*** Opening RECORDS ***
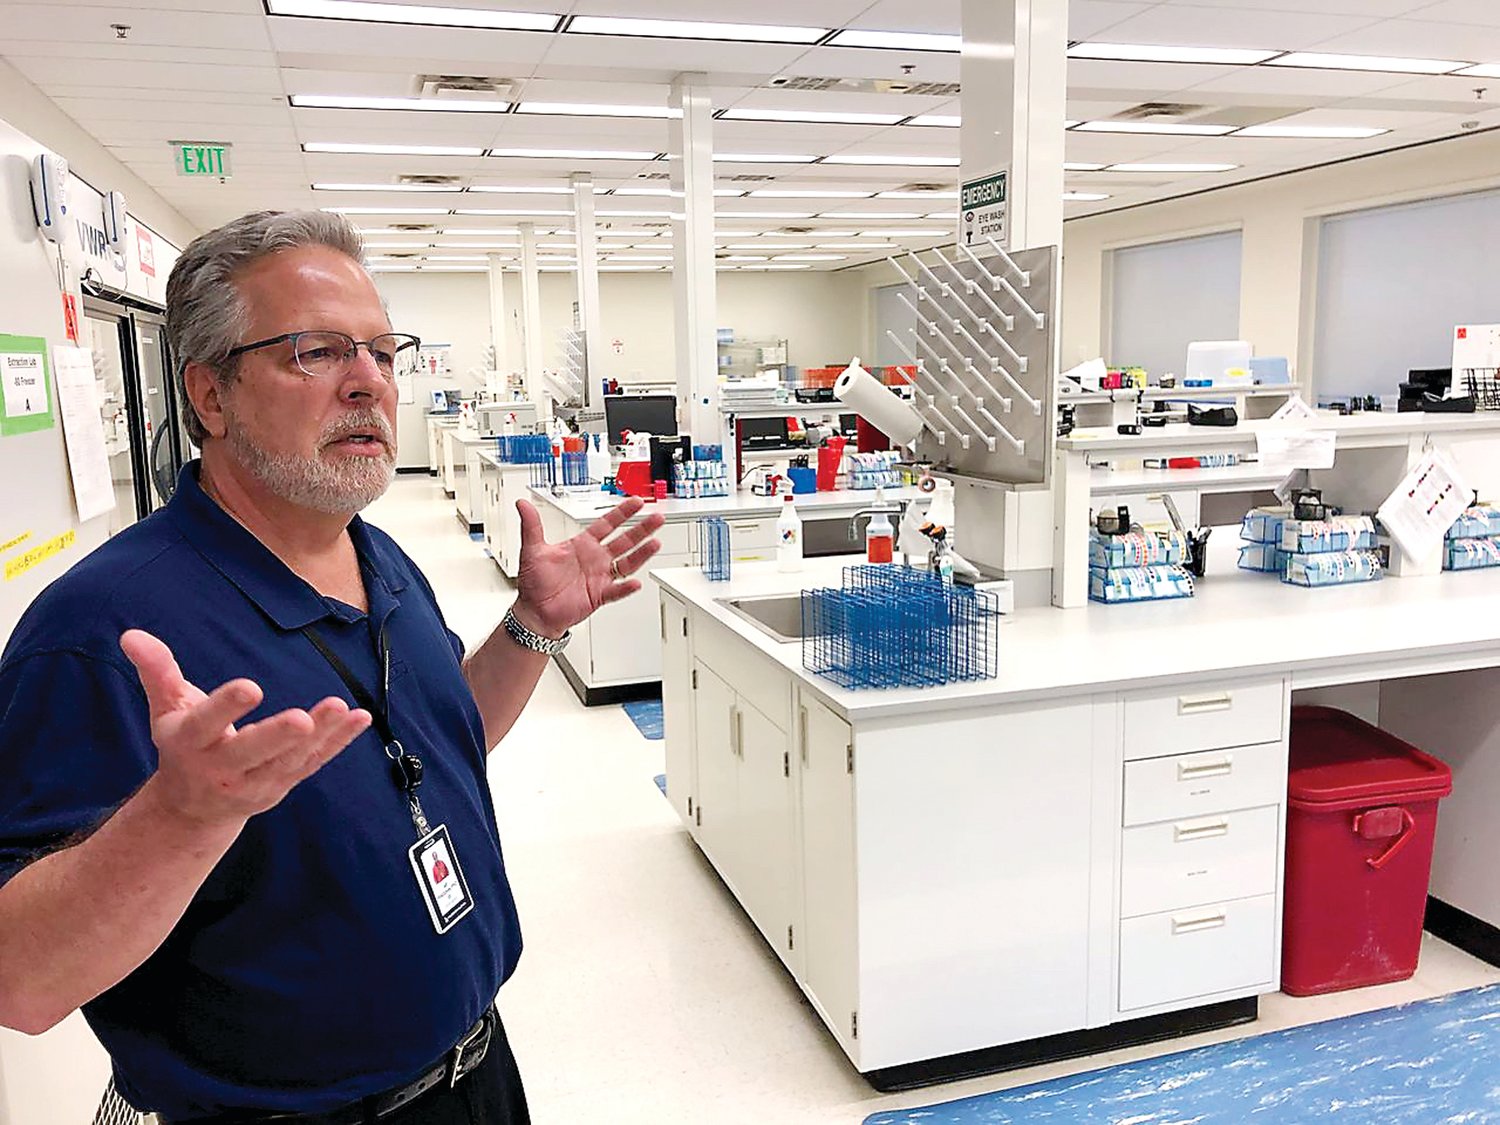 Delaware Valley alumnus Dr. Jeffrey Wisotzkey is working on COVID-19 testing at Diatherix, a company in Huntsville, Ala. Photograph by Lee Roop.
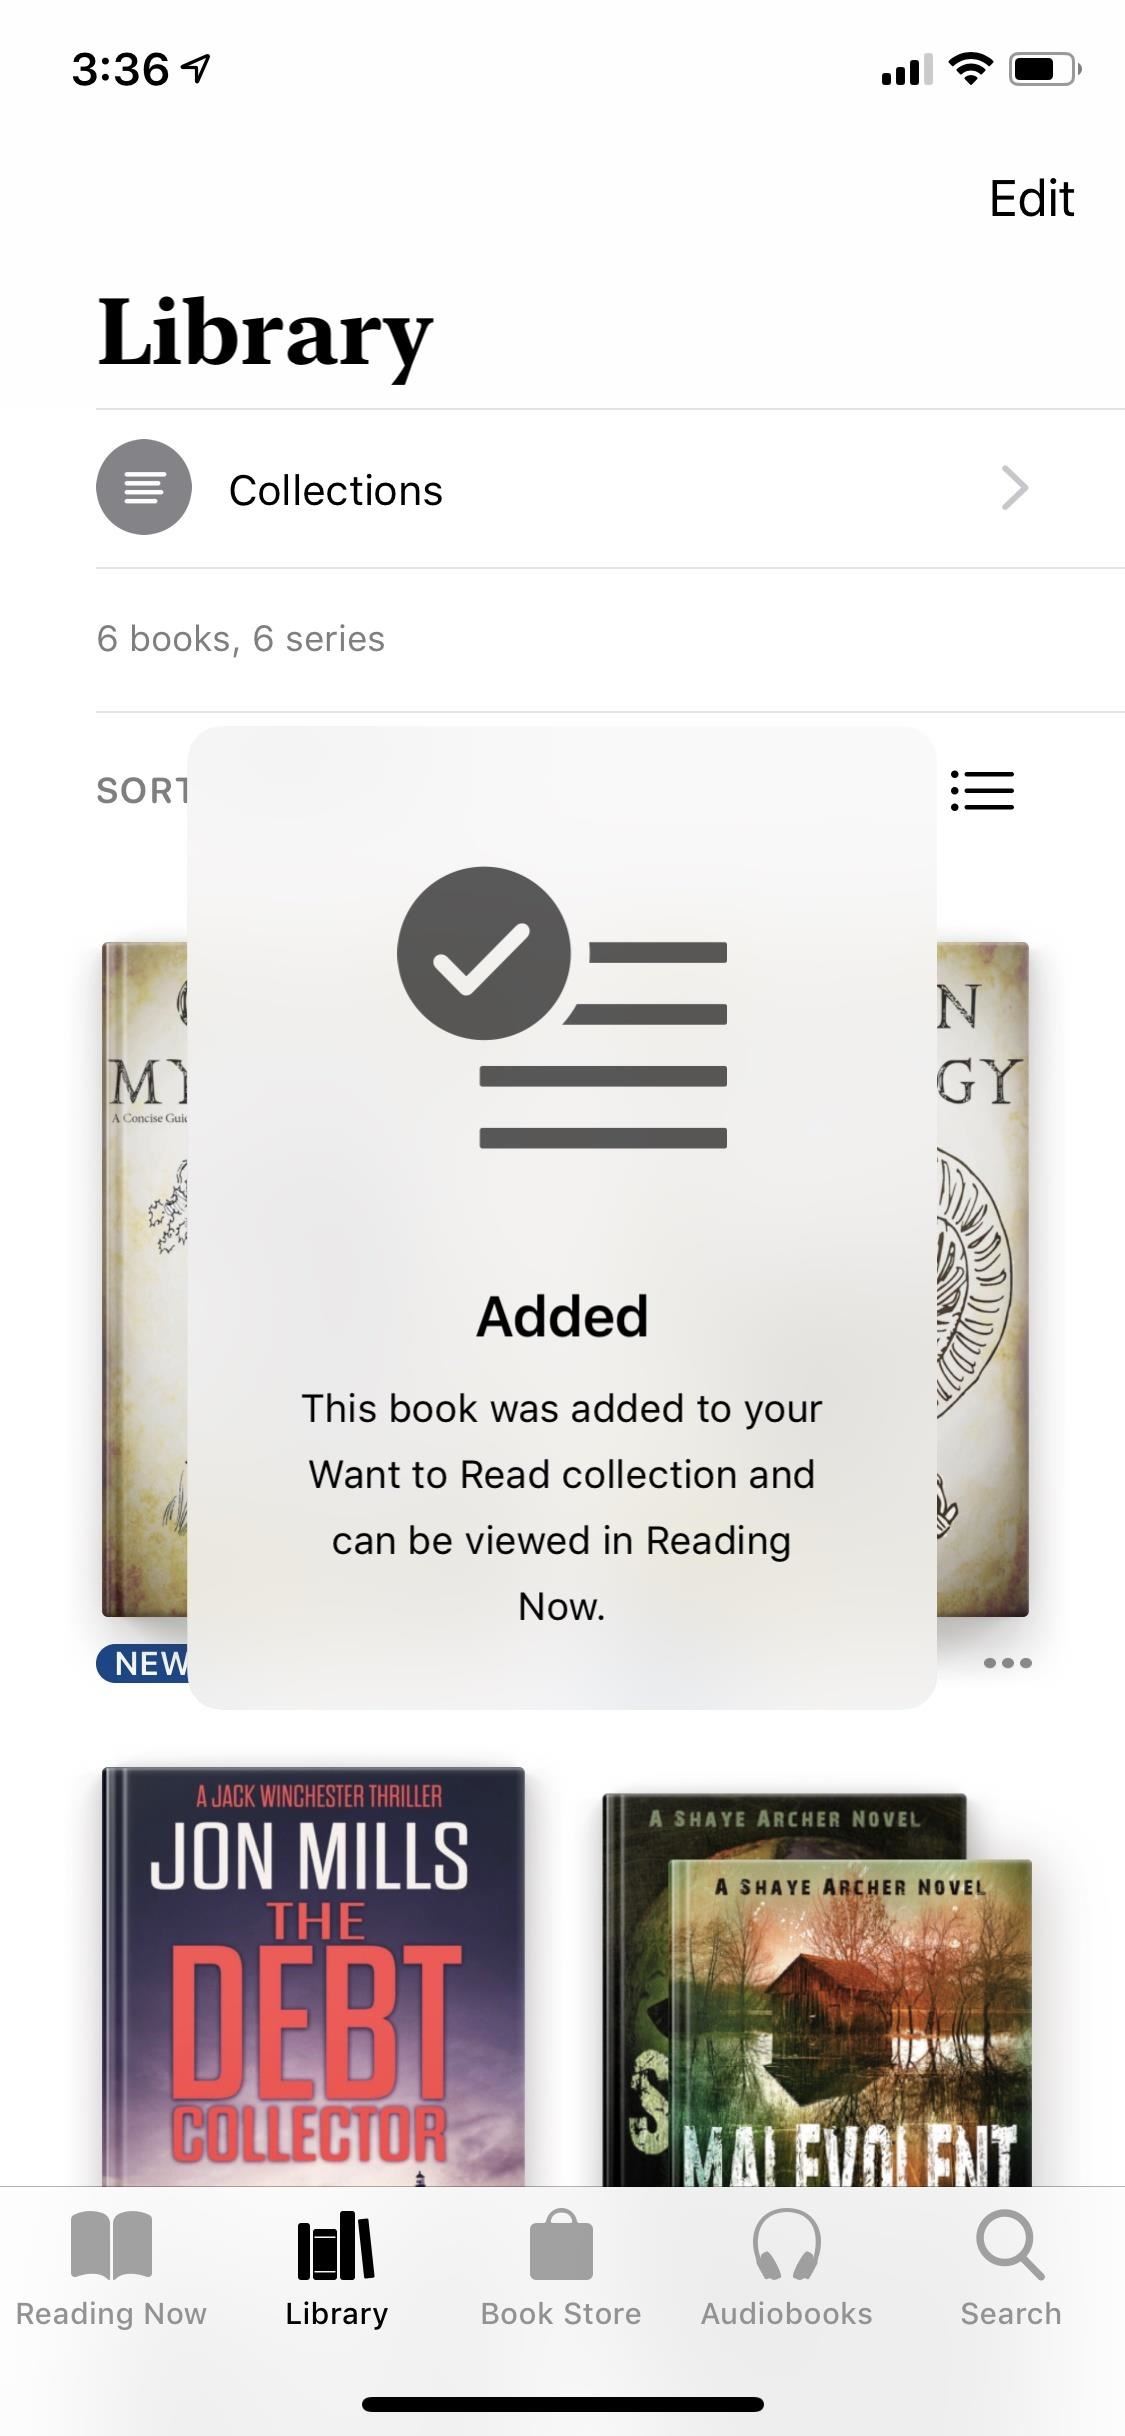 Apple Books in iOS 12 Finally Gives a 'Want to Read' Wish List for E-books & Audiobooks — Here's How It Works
*** Closing RECORDS ***
*** Opening RECORDS ***
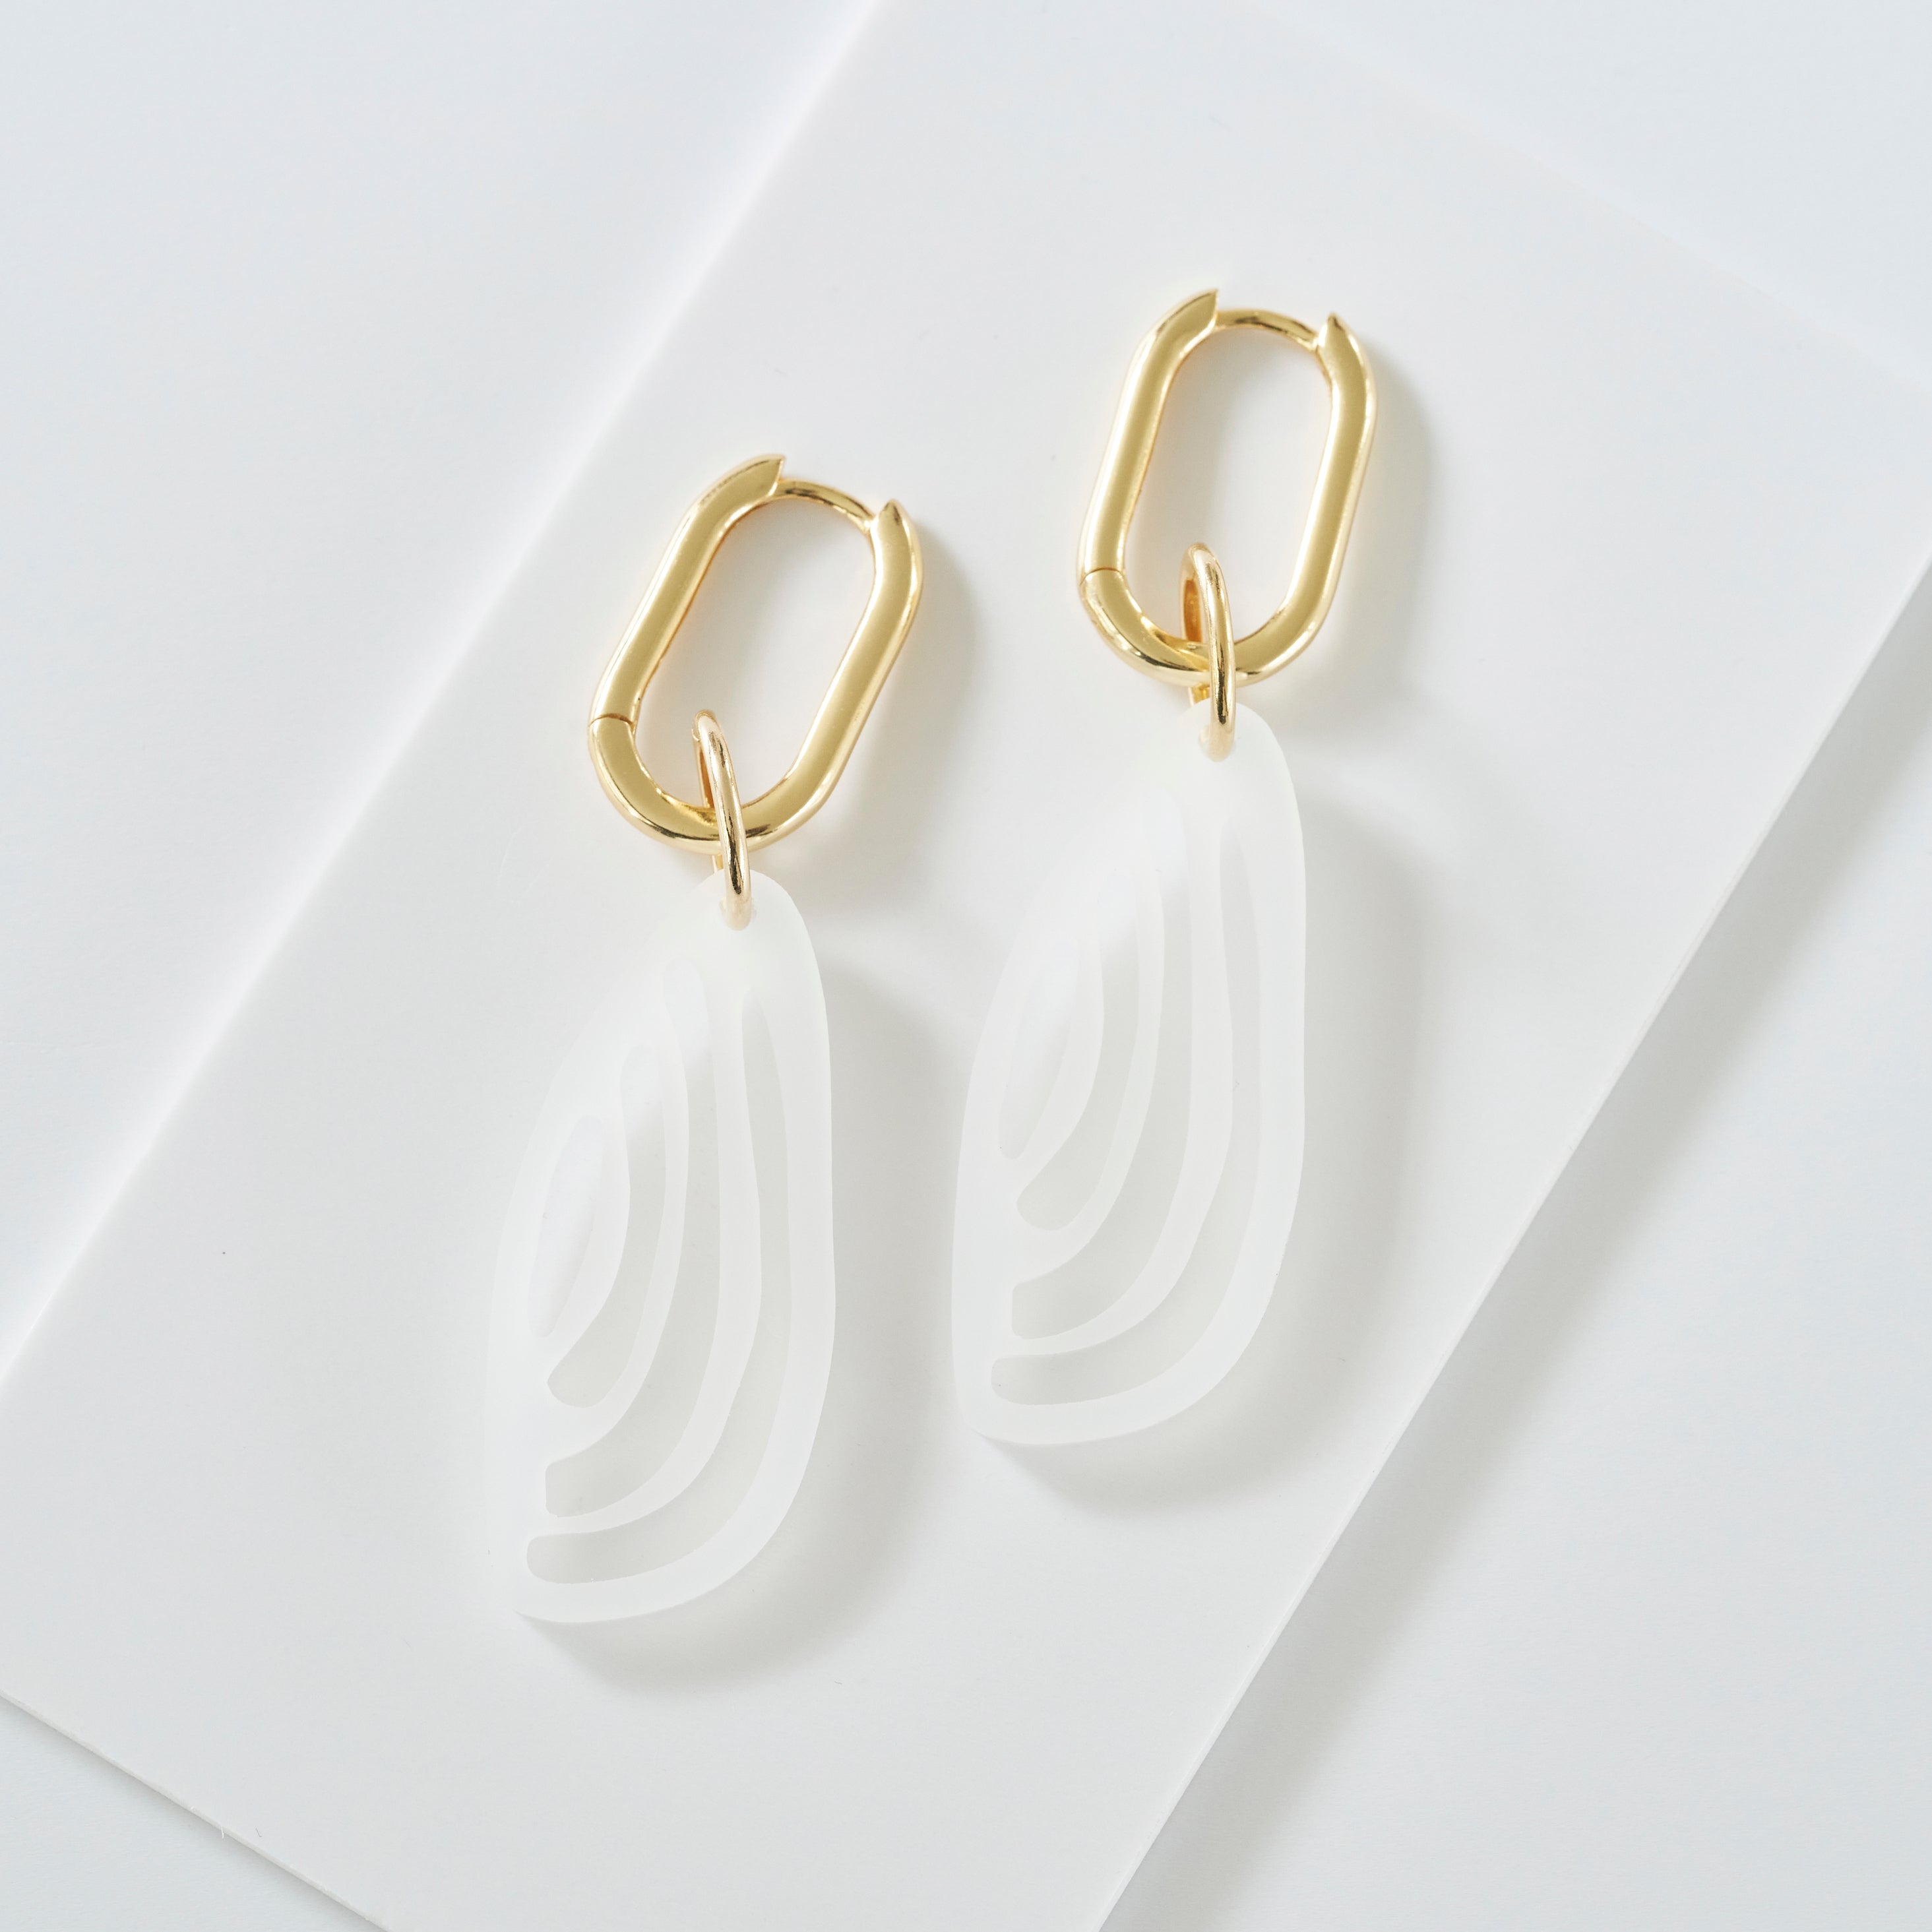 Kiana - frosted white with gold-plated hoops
*** Closing RECORDS ***
* PROBLEM TO SOLVE
The copy should hold exactly the lines above from the one with "Delaware Valley alumnus" through the one with "Apple Books in", both ends counted, and no pictures at all.

* RESPONSE TO THIS EXERCISE
 Delaware Valley alumnus Dr. Jeffrey Wisotzkey is working on COVID-19 testing at Diatherix, a company in Huntsville, Ala. Photograph by Lee Roop.
 Apple Books in iOS 12 Finally Gives a 'Want to Read' Wish List for E-books & Audiobooks — Here's How It Works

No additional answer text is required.